A phase I dose escalation study of Polyphenon E in liver cirrhosis: Evaluation of safety and effect on liver γ-OHPdG levels.
- Georgetown Lombardi Comprehensive Cancer Center, Washington, DC, United States.
- MedStar Georgetown University Hospital, United States.
- University of Puerto Rico, Medical Sciences Campus, San Juan, PR, Puerto Rico.
- Georgetown University Medical Center, United States.
- North Carolina A&T State University, Kannapolis, North Carolina, United States.
- North Carolina Agricultural and Technical State University, Kannapolis, United States.
- University of Minnesota, Minneapolis, MN, United States.
- Northwestern University Feinberg School of Medicine, Chicago, IL, United States.

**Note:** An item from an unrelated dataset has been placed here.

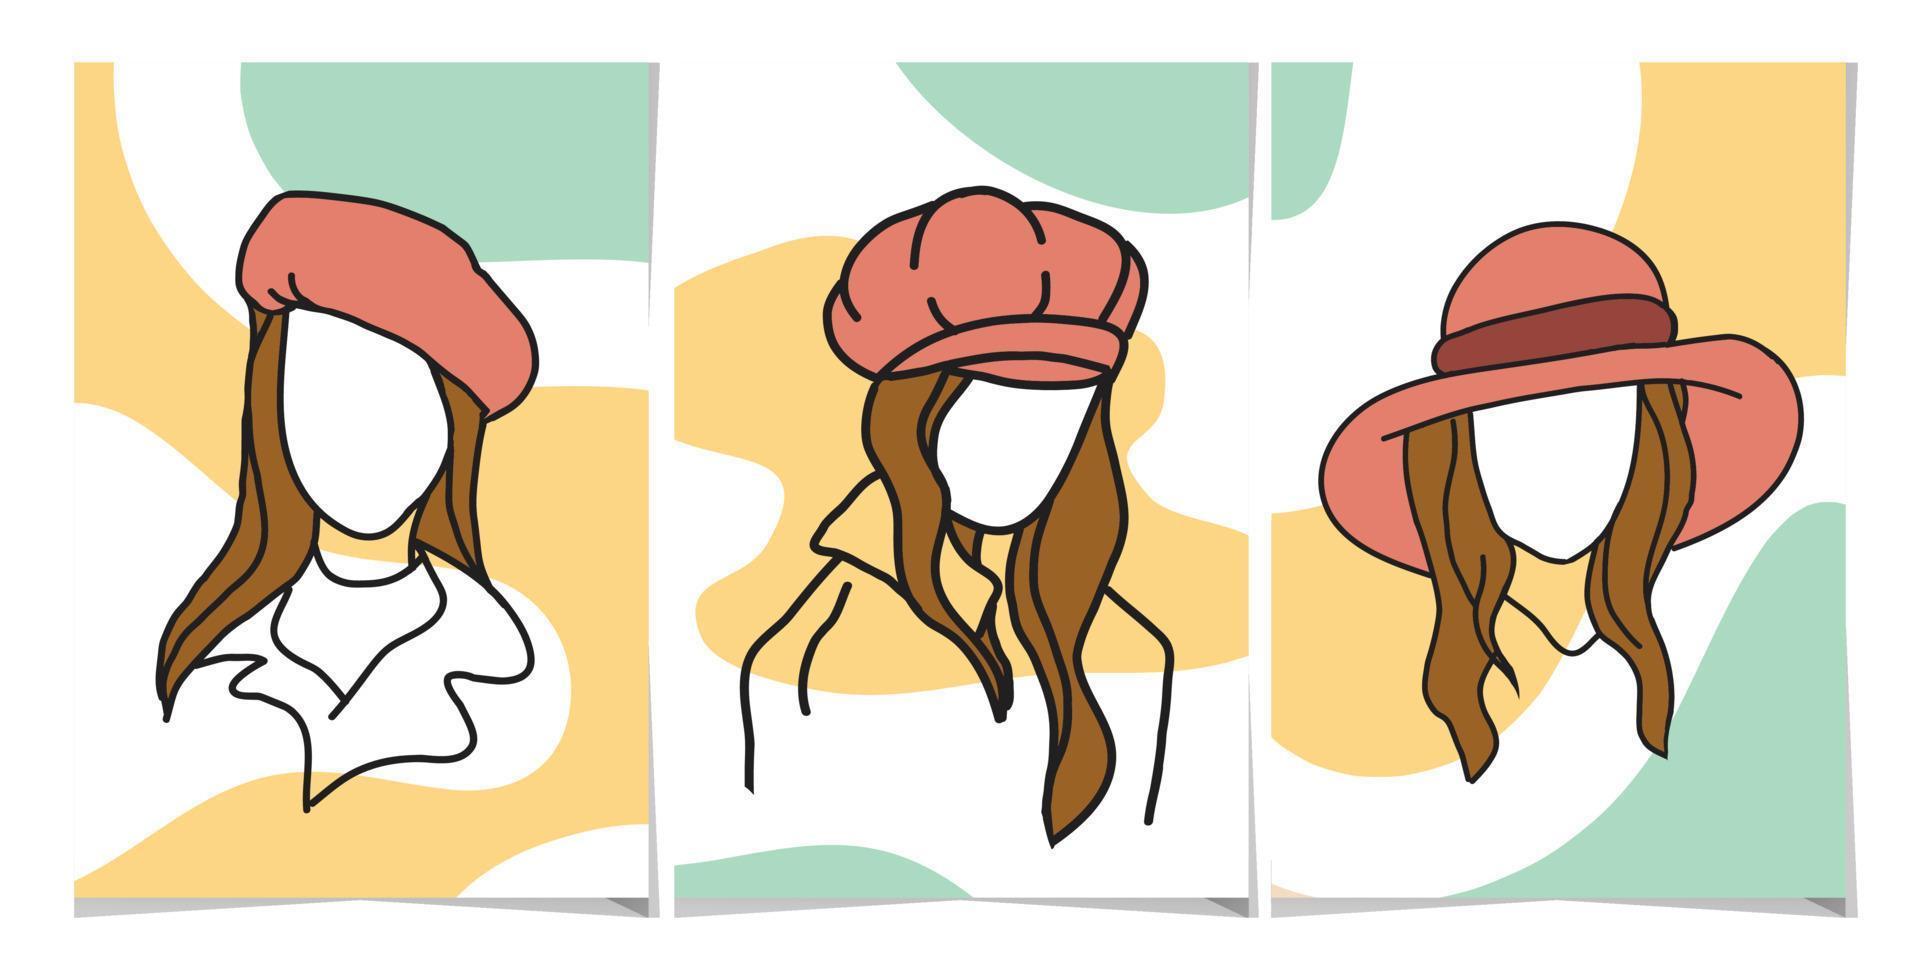 impostato di astratto illustrazione di donna indossare cappello su pastello colore. per manifesto Stampa, cartolina o sociale media. vettore illustrazione.

- Northwestern University Feinberg School of Medicine, Chicago, Il, United States.
- Northwestern University, Chicago, IL, United States.
- National Cancer Institute, Bethesda, MD, United States.
- National Cancer Institute, Rockville, md, United States.
- Georgetown University, Washington, DC, United States.
Accumulation of the DNA adduct γ-hydroxy-1, N2-propanodeoxyguanosine (γ-OHPdG) is associated with HCC development. Theaphenon E-a green tea polyphenol extract dosed according to mg of epigallocatechin gallate (EGCG)-suppresses the formation of γ-OHPdG and reduces hepatocellular carcinoma (HCC) development in preclinical models. This study aimed to evaluate the safety of Polyphenon E (Theaphenon E equivalent) and its effect on liver γ-OHPdG levels in patients with cirrhosis. This Phase I trial used a 3 + 3 dose escalation design with five planned Polyphenon E (EGCG) dose levels: 400 mg, 800 mg, 1200 mg, 1600 mg, and 2000 mg daily, administered orally for 24 weeks. Each dose cohort was monitored for "discontinue therapy" criteria for four weeks before additional participants were enrolled in the next cohort. Participant liver samples were assessed for γ-OHPdG levels by liquid chromatography-tandem mass spectrometry (LC-MS/MS) and vibration-controlled transient elastography (VCTE); endogenous catechin pharmacokinetic (PK) data were analyzed. Grade 1 and 2 treatment-related adverse events (AEs) were observed in 38% of participants. Liver γ-OHPdG levels declined after treatment in most participants. There was a decrease in the VCTE-controlled attenuation parameter in some participants. After Polyphenon E dosing, the catechin PK clearance patterns were equivalent for all doses except 1600 mg. Polyphenon E was well tolerated in participants with cirrhosis at a dose up to and including 1600 mg/day. Therefore, the recommended starting dose for a phase II trial in a cirrhotic population is 1200 mg. We observed promising Polyphenon E suppression of liver OHPdG levels.